As mentioned in the beginning, there were very few people involved with the pit crew in the early years of the sport. Now, in the more modern times, there are two jack operators, as well as three people per wheel, along with other mechanics. This allows for faster pit times and for each person to focus on their jobs quickly.

With the average pit stop time now taking two to three seconds, one of the factors that remains the same is the need for a good pit strategy. A strategy is what makes or breaks a race for a driver and their team. Depending on how and when it is done, can affect where a driver ends up at the end of a race. A team must pit at least once to change tyre compounds, whether more pits are taken is up to strategists and the need to.

A Bad vs A Good Strategy

Over the years, there has certainly been a great number of what many consider a bad pit strategy. A bad strategy, in this case, implies that, because of how poor it was, it affected the drivers and team's result and performance.

At the 2021 Russian Grand Prix, McLaren driver Lando Norris consequently fell from leading the race to finishing seventh all in the span of eight remaining laps in the race.
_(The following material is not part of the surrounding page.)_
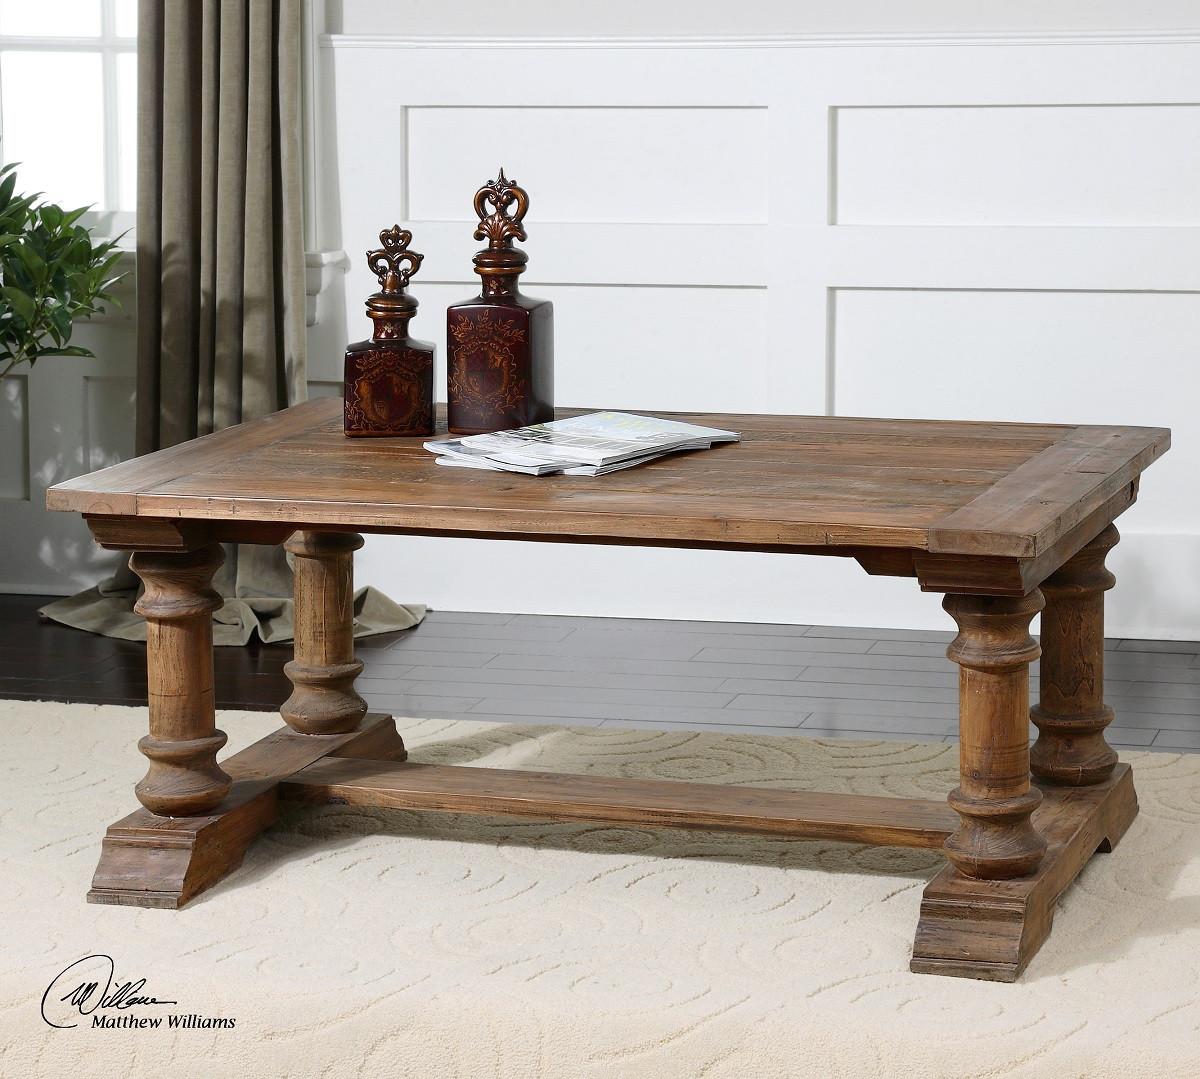 Saturia Balustrade Reclaimed Wood Coffee Table

The cause of this was - of course - making the wrong decision to not pit and change to different tyres. On lap 46 light rain began to fall, dampening the track. Though soon enough the rain intensified causing some of the drivers to go off the track. McLaren, noticing this, wanted to take action quickly to not be the case for Norris, who was leading the race, especially with Mercedes driver Lewis Hamilton closely behind.

As many of the drivers were doing, McLaren wanted to pit Norris and change from hard to intermediate tyres, which would work well in the new wet weather conditions. However, even though Norris was starting to struggle in pace, he ignored team orders and decided to try to pull away from the rest who pitted as much as he could in his hard tyres. With Hamilton pitting on lap 49 of the race, he emerged 25 seconds behind the McLlaren. Still, even with this gap, he managed to catch up to Norris with now a four-second difference between the drivers by lap 51. With two laps left and poor judgment made, the strategy backfired as Norris slipped off the track, giving Hamilton the lead. In the end, Norris ended the race in seventh after finally going in for wet tyres, and Hamilton took his 100th race win all because of a good strategy.

Lewis Hamilton celebrating his 100th race victory. Credit: (Photo by Peter Fox/Getty Images)


As F1 continues to grow and expand, it can be assumed that pit stops will keep being a part of that evolution. Rules are susceptible to change as seen with refueling at the beginning of the sport. The battle for first between Norris and Hamilton at the Russian Grand Prix is just one of the few examples in which one team uses the pits as an advantage, and when things can also go wrong for another. In their case, it was also a great example of why pit stops have become and continue to be so important in F1.